August continued the uptrend of previous two months and became the 3rd consecutive month that gave positive returns. The Benchmark Nifty50 gave monthly returns of 1.71% and has continued its new found hobby of making fresh 52-week highs at month ends.
Though returns given by major indices were not as great as in July*, the numbers nevertheless were respectable. Nifty Next50 and Nifty500 did slightly better than Nifty50 and gave 2.44% and 2.19% returns respectively.
*July returns – Nifty50: 4.23%, Nifty Next50: 9.37%, Nifty500: 5.00%
One of the biggest economic reforms in last 2 decades saw light of the day. The Rajya Sabha passed the GST Bill on 3rd August 2016.(Update – At the time of writing, more than half of all the states had ratified the bill – which sets a clear path for Presidential approval).

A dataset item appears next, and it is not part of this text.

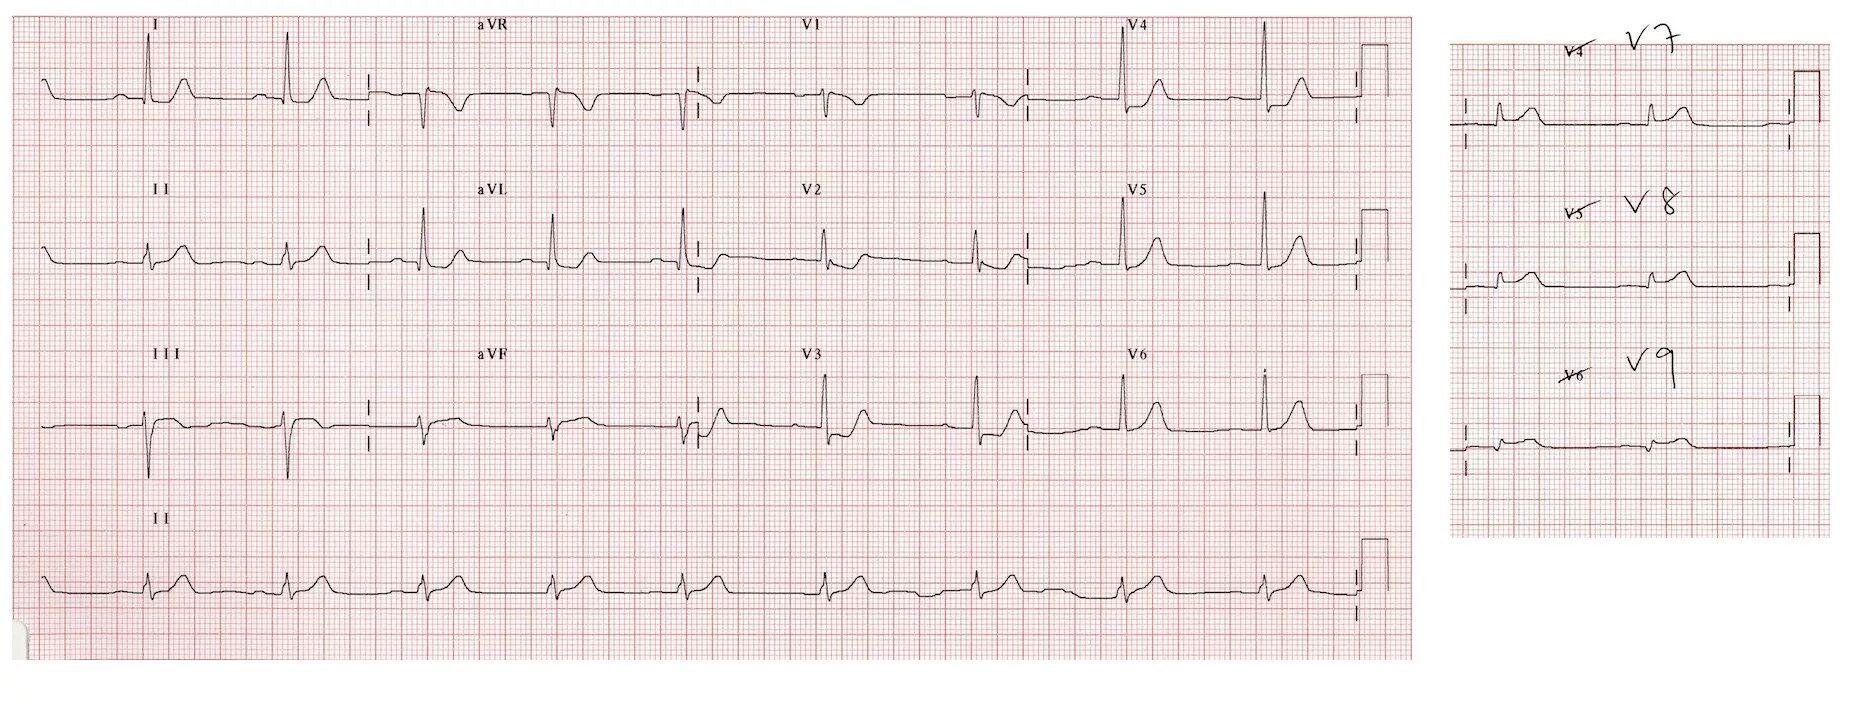 Экг подъем. ЭКГ острый инфаркт миокарда с подъемом St. Подъем сегмента St на ЭКГ v1 v2. Инфаркт миокарда с подъемом сегмента St ЭКГ. Подъем сегмента St в отведениях v2-v3-v.

GST is expected to give a boost of 0.9% to 1.7% of GDP in long term (source – study commissioned by 13th Finance Commission). The actual implementation is expected to happen on 1st April 2017 and will help simplify tax structure, encourage compliance, lower costs and broaden the tax base in India. (We have written extensively about GST implementation in last month’s newsletter too – Click here to Read).
Change in Guard at RBI
Other big news of the month was appointment of Mr. Urjit Patel as RBI’s next governor. Currently, he is serving as RBI’s Deputy Governor. Alumni of Oxford, Yale and LSE, Mr. Patel has also worked at IMF’s India office in early 90s.
Mr. Patel is known to have a zero tolerance for inflation. The Urjit Patel Committee headed by him, had recommended inflation targeting and shift to use of Consumer Price Index (CPI) as the main measure of inflation for the RBI (against earlier use of Wholesale Price Index i.e. WPI).
So this appointment sends clear message that government will continue to push its inflation agenda.
On Tap Banking License
August also saw release of recommendations for On-Tap licensing of Universal Banks. When implemented, this will do away with the current approach of bank licensing being once-in-a-decade kind of an event. Instead, the window for getting a bank license from RBI will remain open throughout the year. This is a big reformative step for the Indian banking sector.
But we are of the view that despite the new ‘on-tap’ regime, there will be no rush to establish new banks. Banking is a complex business and given the stringent guidelines, there will be very few takers in initial years. The commonly held view that NBFCs might be eager to convert into banking entities is also speculative and doesn’t hold much substance.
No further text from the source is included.